Yohana Susana Yembise memang suku adat Papua sangat kuat hingga membatasi perempuan untuk bisa berkiprah, apalagi berpolitik. Yohana Susana Yembise mencontohkan, belum ada satupun perempuan Papua dan Papua Barat yang bisa menjadi Bupati, Walikota ataupun Gubernur.
"Karena adat membatasi perempuan Papua. Kalau ada permasalahan yang menimpa mereka, juga lebih banyak diselesaikan secara adat, bukan menggunakan undang-undang", jelasnya.
Yohana Susana Yembise mengakui sempat syok saat awal awal dipilih dan menjabat sebagai Menteri Pemberdayaan Perempuan dan Perlindungan Anak karena itu bukan bidang yang selama ini Yohana Susana Yembise kuasai.
"Saya adalah pengajar, dosen di Fakultas Keguruan dan Ilmu Pendidikan Universitas Cenderawasih. Ternyata saya dipilih sebagai Menteri Pemberdayaan Perempuan dan Perlindungan Anak", ujarnya.
Karena itu, sangat menjadi menteri dan ada permasalahan muncul yang dihadapi perempuan Papua, Yohana Susana Yembise selalu meminta kepada polisi agar semuanya diselesaikan secara hukum, bukan secara adat. Undang-undang kita buat untuk dilaksanakan.
"Saya adalah pengajar, dosen di Fakultas Keguruan dan Ilmu Pendidikan Universitas Cenderawasih. Ternyata saya dipilih sebagai Menteri Pemberdayaan Perempuan dan Perlindungan Anak", ujarnya.
Karena itu, sangat menjadi menteri dan ada permasalahan muncul yang dihadapi perempuan Papua, Yohana Susana Yembise selalu meminta kepada polisi agar semuanya diselesaikan secara hukum, bukan secara adat. Undang-undang kita buat untuk dilaksanakan.
Buku ini bisa memberikan inspirasi untuk membangun sisi kemanusiaan perempuan dan anak-anak Indonesia dapat terpenuhi dan terlindungi hak-haknya", kata Sekretaris Kementerian Pemberdayaan Perempuan dan Perlindungan Anak Pribudiarta Nur Sitepu.

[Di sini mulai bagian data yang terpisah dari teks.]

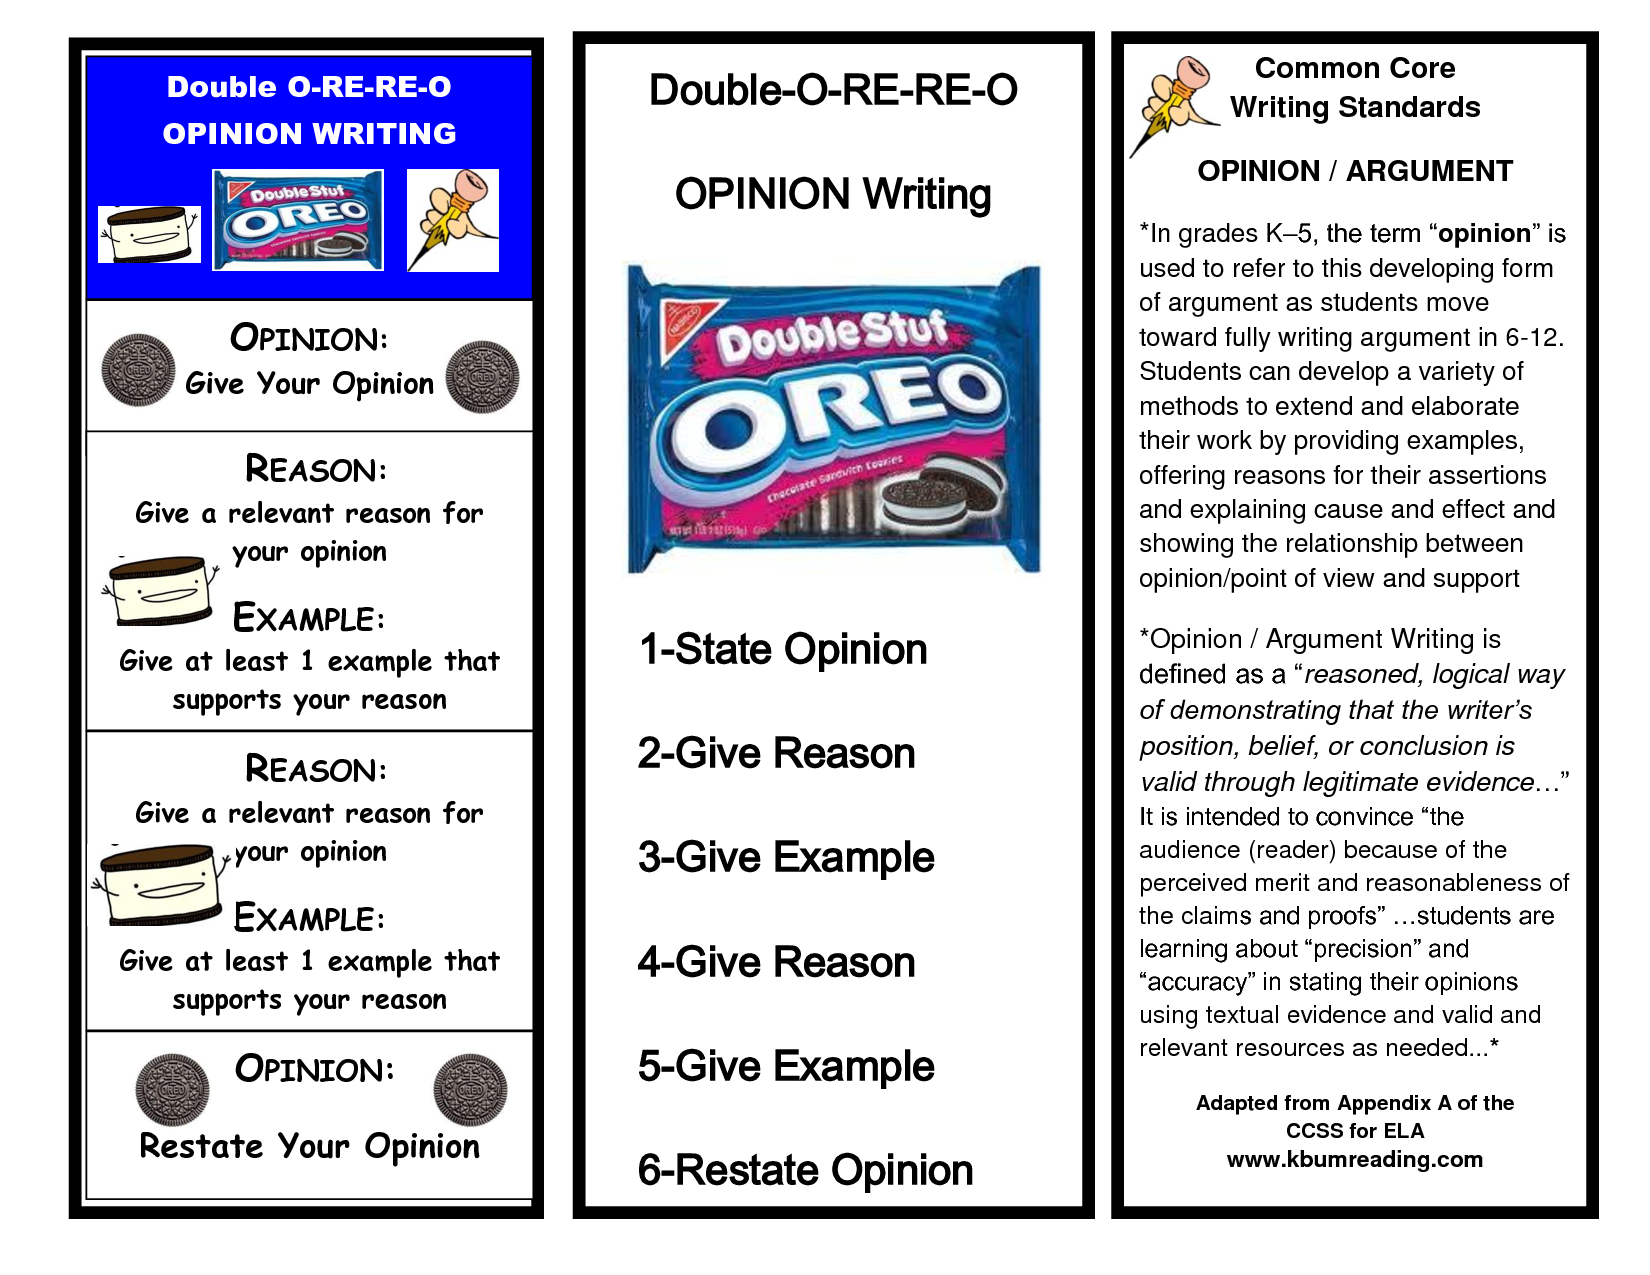 Oreo Opinion Writing Opinion Writing Oreo Opinion Writing Persuasive Writing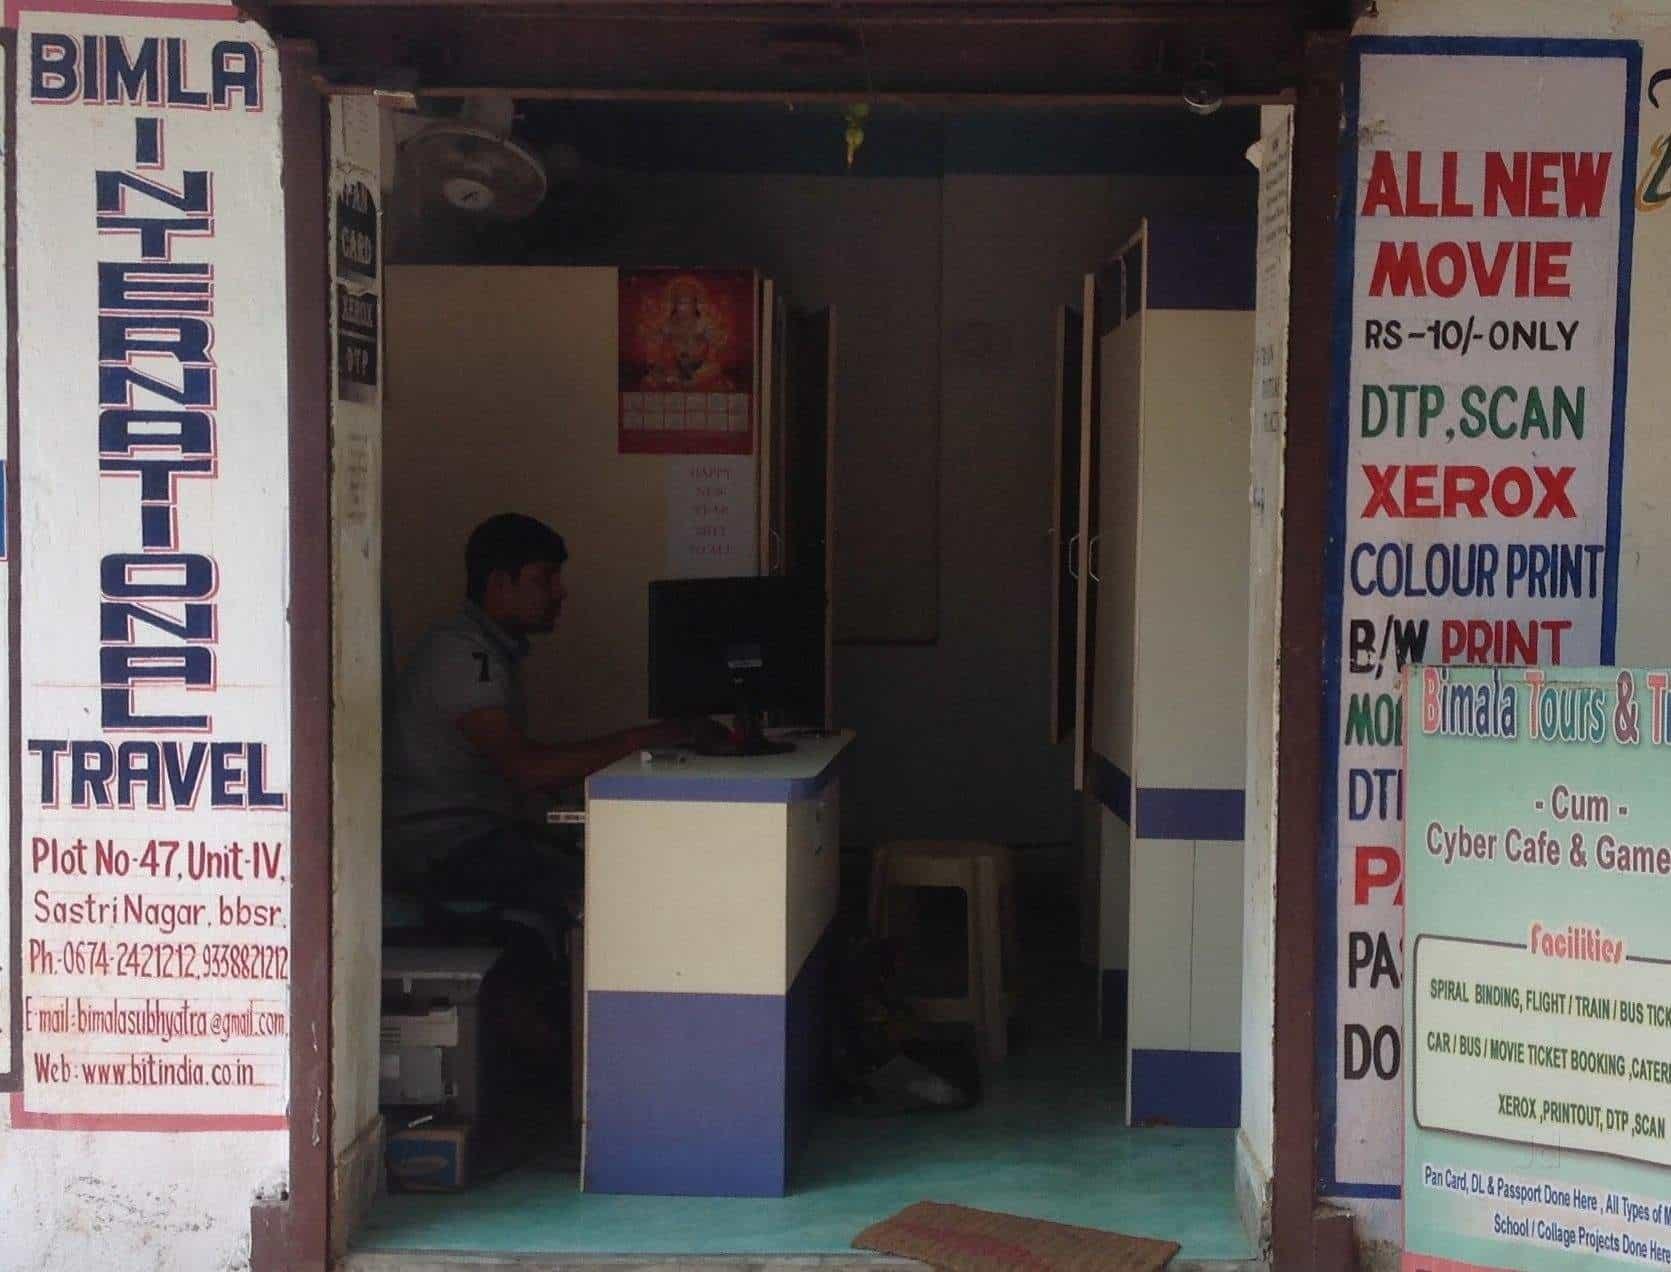 Bimla International Travel, Sahid Nagar - Travel Agents in

Hadir dalam peluncuran buku tersebut adalah mantan Menteri Pemberdayaan Perempuan dan Perlindungan Anak Linda Amalia Sari Gumelar, Ketua Komisi Perlindungan Anak Susanto, Pemerhati Anak Seto Mulyadi, Mantan Ketua Komisi VIII DPR Ali Taher, tokoh Papua dan tokoh Nasional lainnya.
Sementara itu, dalam acara Ngobrol Penuh Inspirasi (NGOPI) bersama Sekretaris Kementerian Pemberdayaan Perempuan dan Perlindungan Anak, pak Pri menyatakan sudah semestinya perempuan aktif dalam beberapa sektor pembangunan. Namun Kenyataannya diskriminasi gender yang masih menjadi masalah yang bisa penghambat kontribusi mereka dalam pembangunan.
Untuk menghapus permasalahan tersebut dibutuhkan sinergi dari seluruh pihak termasuk pemerintah, tokoh agama dan tokoh adat karena peran tungku ini merupakan komitmen kita bersama sebab kalau bukan kita siapa lagi yang melindungi mereka.